Pay close attention to the way you feel when you wake up in the morning on a workday. Are you looking forward to it? I used to pray for a small enough car accident in which no one got hurt, but my car would need work and I'd get out of the office for a day. It's so obvious to me now that that was another subtle form of insanity. I thought everyone felt that way. I thought the daily grind was supposed to make you miserable, because if it wasn't miserable, how would you be able to commiserate with people, and if you couldn’t commiserate with people, what would you even talk about?

I had no idea that personal development, self-care, growth, fulfillment, and joy could be a part of a career path, or anything my friends would want to talk about. I realize now that constant complaints about hating work are boring, and banter about projects that light us up are a welcomed breath of fresh air.

If you are stuck in the wrong job, your inner dialogue probably sounds something like the following:

"I need this job. I'm not really good at anything. I've been here a while.
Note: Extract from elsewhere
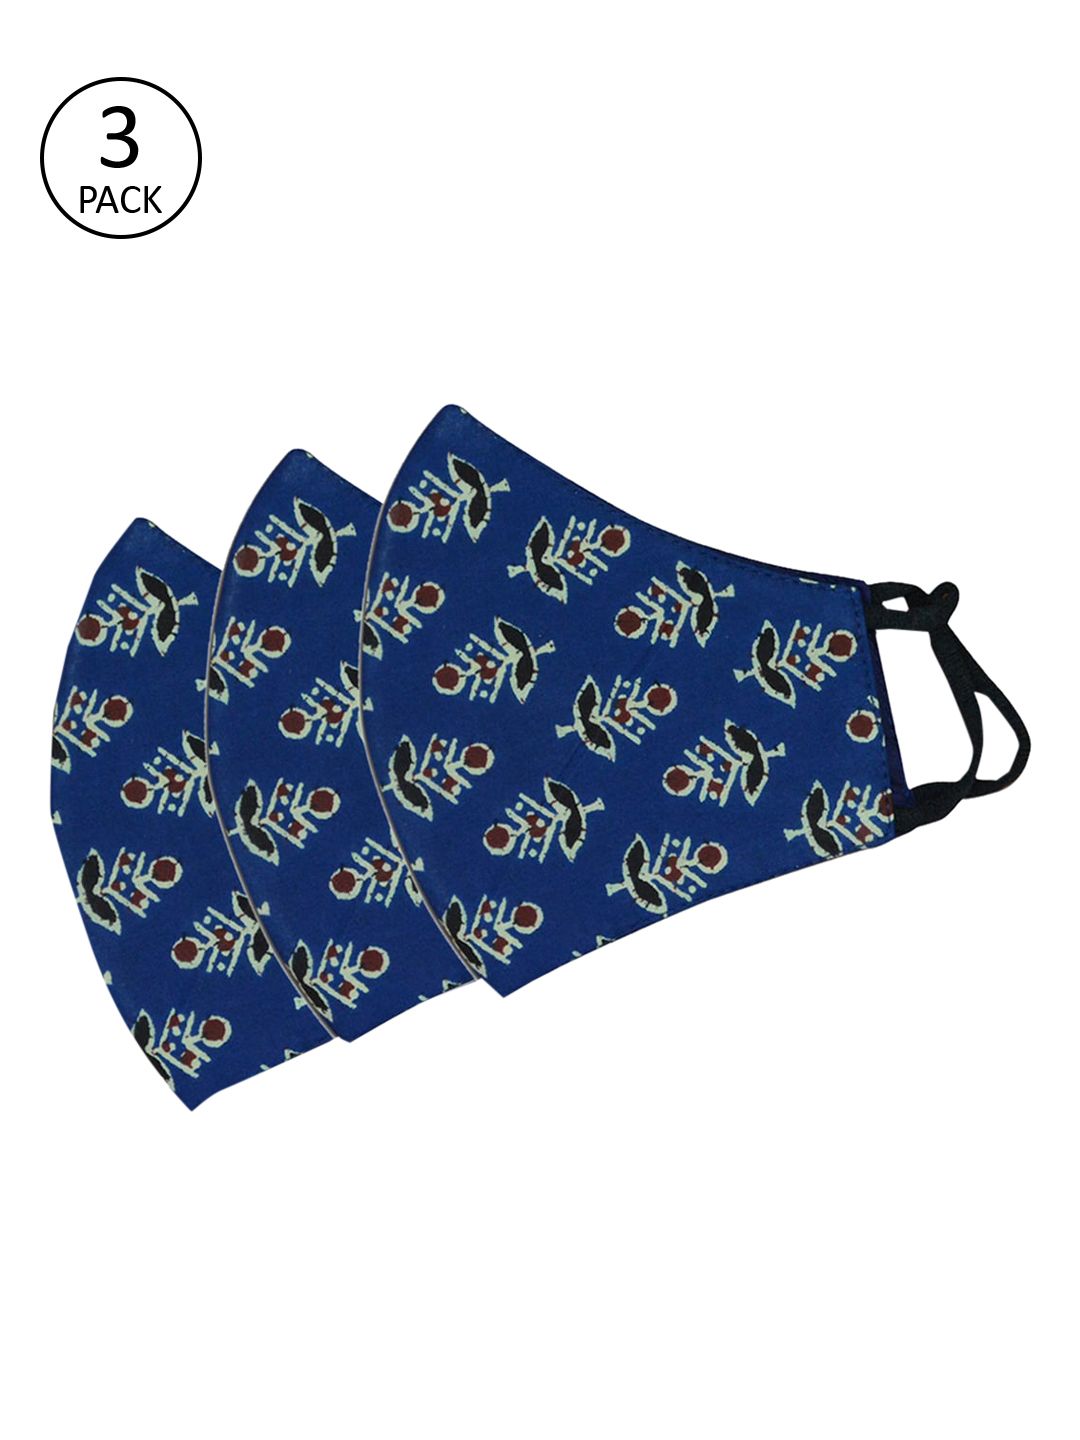 Tossido Pack Of 3 Navy Blue & Black Printed 3-Ply 100% Cotton Reusable Cloth Masks Price in India

I'm not qualified to do anything. I hate my boss, but where else am I going to go? Ugh, today sucks. I'm so over today. I bleeping hate this place."

How to Change Your Life

If you want to make a change, you can, but it will require work, introspection, courage, faith, and, initially, some pain. The following steps got me out of a job I hated and onto a career path meant for me:

  1. Meditate every morning. Listen to your inner monologue from the witness seat. Hear the sounds around you and feel your full feelings as they bubble up in your body.
  1. Set an intention to check back into this quiet part of you three times during the workday. Set alarms on your phone to do it. Ask yourself, “Do I feel healthy? Does my body need anything? Am I happy?”
  1. Write a letter to your boss. Don't give it to them, but write it. Write all the things you've never said but always wanted to, and read it every night for one week.
  1. Decide how you want to feel. For example, I wanted to feel respected, confident, creatively free, relaxed, and motivated. Decide how you want to feel and assess if your needs are met in your current workplace. (For help figuring out how you want to feel, I recommend The Desire Map by Danielle LaPorte)
  1. Journal. After you've gotten used to morning meditation, add journaling afterward as part of your morning ritual.
  1. Set a date—one that intuitively speaks to you, and on that day, write down what you really want. No limits, no judgment, no fear. Maybe you want to be able to work from home and raise a family. Maybe you want to be able to travel the world while you work. Maybe you want better health benefits and more beneficial perks. Whatever it is, get it down on paper.
  1. Let go. Affirm that the Universe has heard you, that it is an active forcefield of energy and working on your behalf. Create a ritual to do this. If you pray, say it in prayer. Write it down and burn it. Write it down and stick it under your pillow. Speak it out loud to an understanding friend. Whatever resonates with you, do it.
  1. Follow the clues. Signs will appear. You will be inspired to take actions that may seem crazy, weird, or out of your natural rhythm— you should probably take them anyway. I know you've heard that the magic happens outside of your comfort zone, and now is the time to get uncomfortable. For support in taking scary leaps of faith, I recommend reading The Subtle Art of Not Giving a F*ck, by Mark Manson.
  1. Listen to “9 to 5” by Dolly Parton. Sing it in your car at the top of your lungs. Actually, forget that—sing it at karaoke. This one's not just for fun—singing and dancing release your heart vibes into the world and create feel-good chemicals in your brain. Plus, at karaoke, you'll be uncomfortable, confirming your commitment to 8. Go. Sing.
  1. Continue following the clues and report back. Keep us posted. This process may take days, weeks, months, or years, but set it in motion now and see where you're at in one year, five years, and ten years. Remember—the best time to plant a tree is twenty years ago. The second best time is now.